Task to carry out: Restate the listing below word for word, and leave its pictures behind.

Data extract:
────────────────────
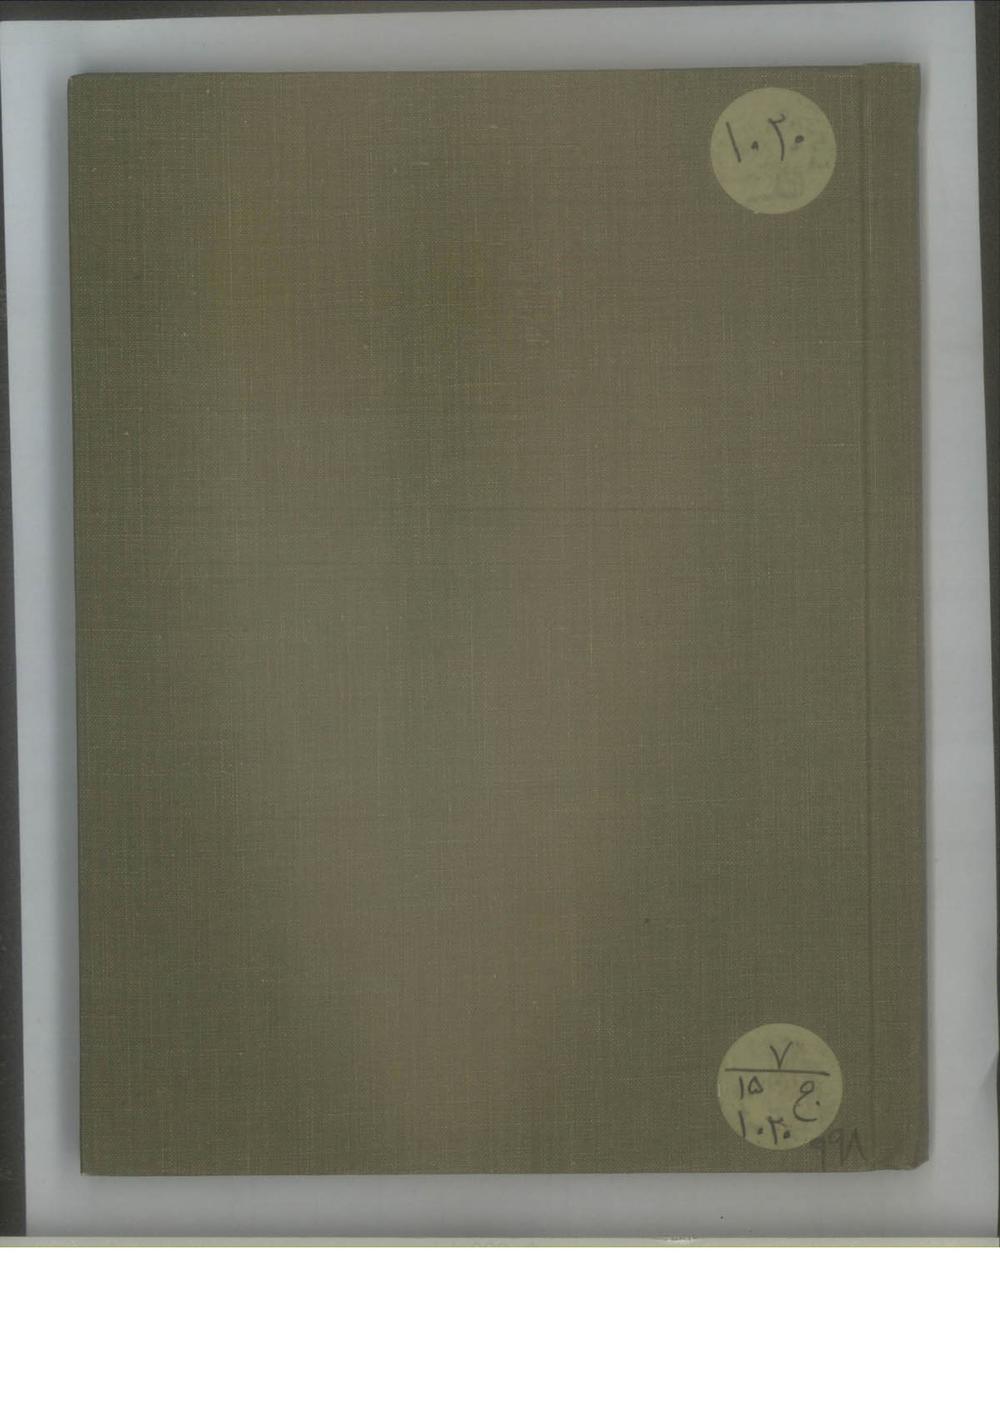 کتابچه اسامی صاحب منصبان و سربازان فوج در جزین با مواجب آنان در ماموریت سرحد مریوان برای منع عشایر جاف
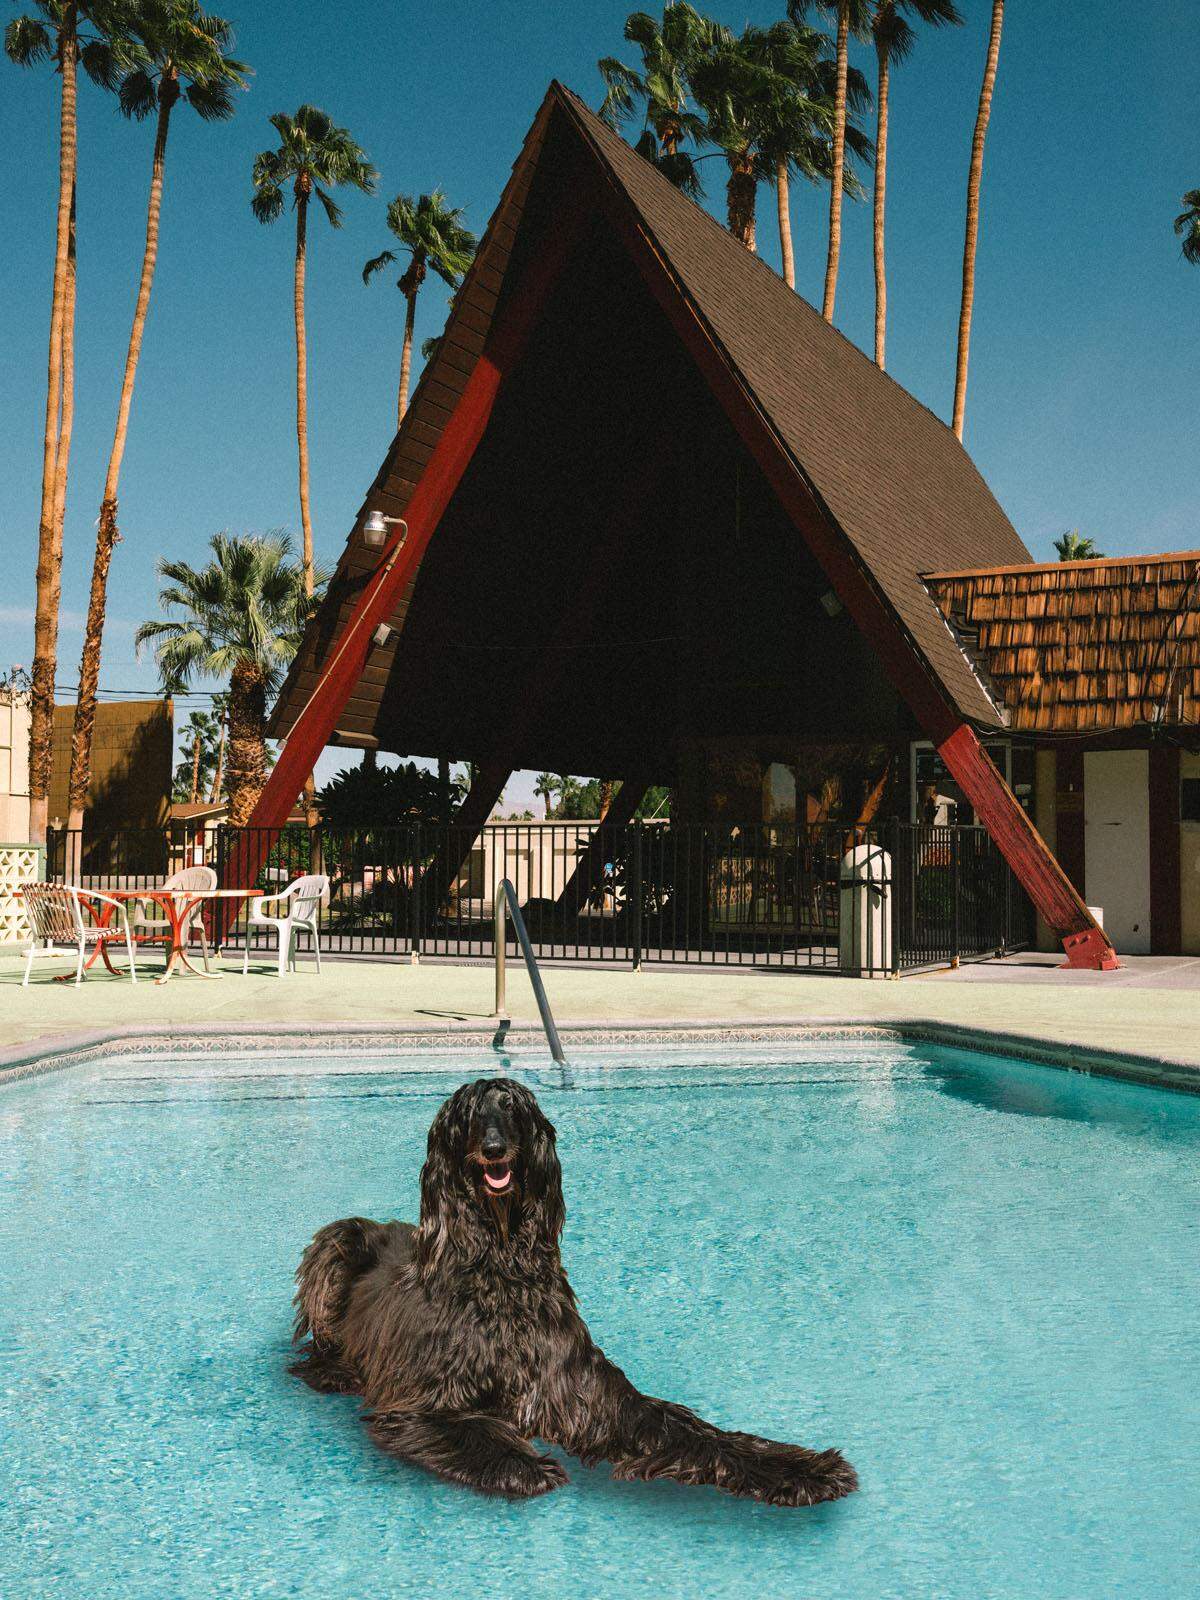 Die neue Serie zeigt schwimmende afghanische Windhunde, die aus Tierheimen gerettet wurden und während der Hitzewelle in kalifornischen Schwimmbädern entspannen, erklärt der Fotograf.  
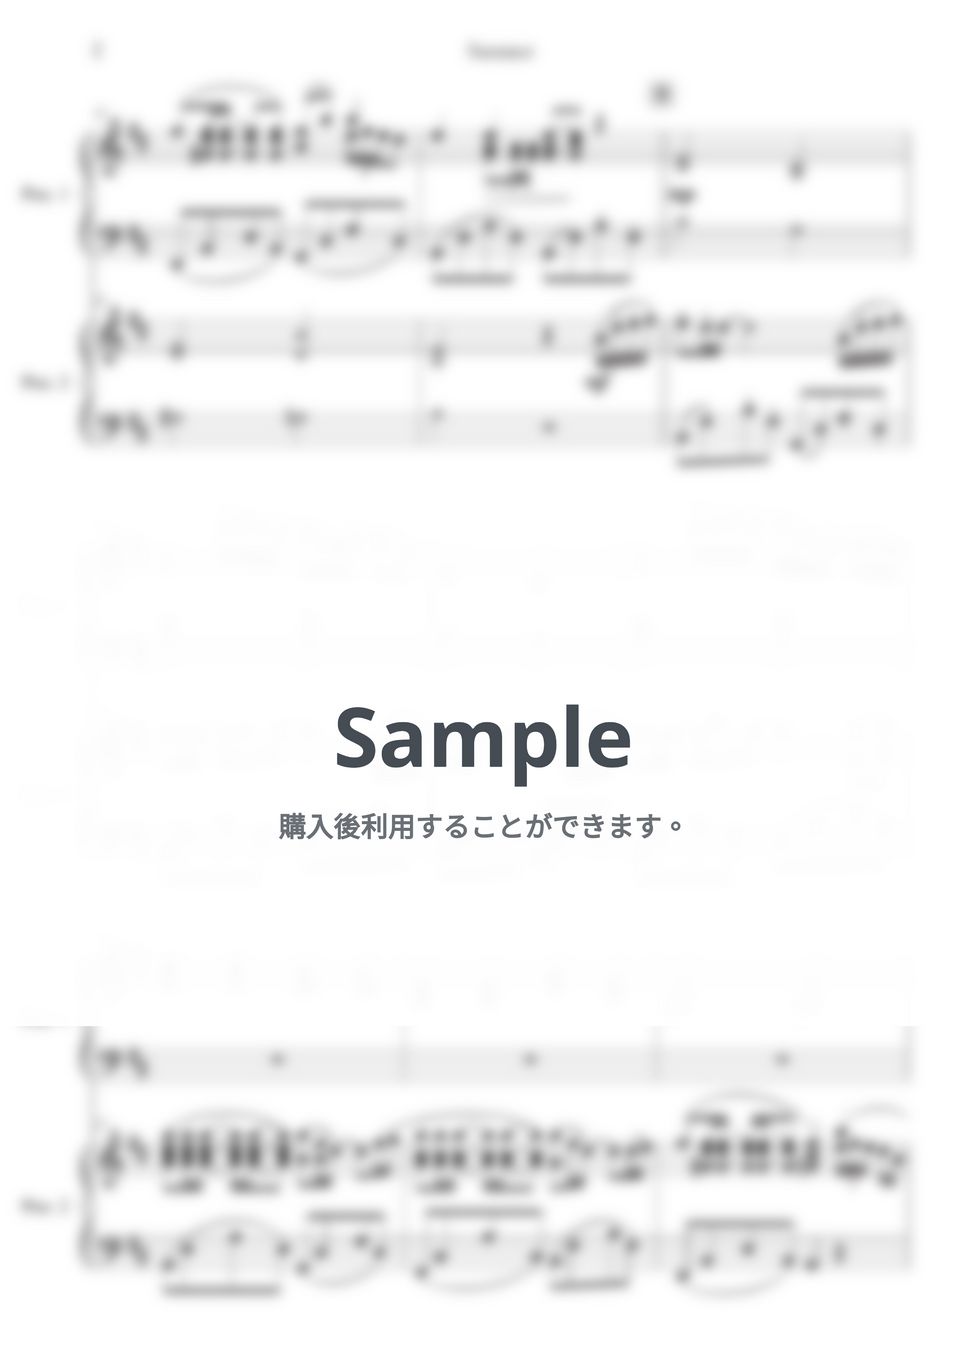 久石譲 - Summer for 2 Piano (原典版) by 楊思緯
────────────────────
Response area:
 کتابچه اسامی صاحب منصبان و سربازان فوج در جزین با مواجب آنان در ماموریت سرحد مریوان برای منع عشایر جاف
 Die neue Serie zeigt schwimmende afghanische Windhunde, die aus Tierheimen gerettet wurden und während der Hitzewelle in kalifornischen Schwimmbädern entspannen, erklärt der Fotograf.  
 久石譲 - Summer for 2 Piano (原典版) by 楊思緯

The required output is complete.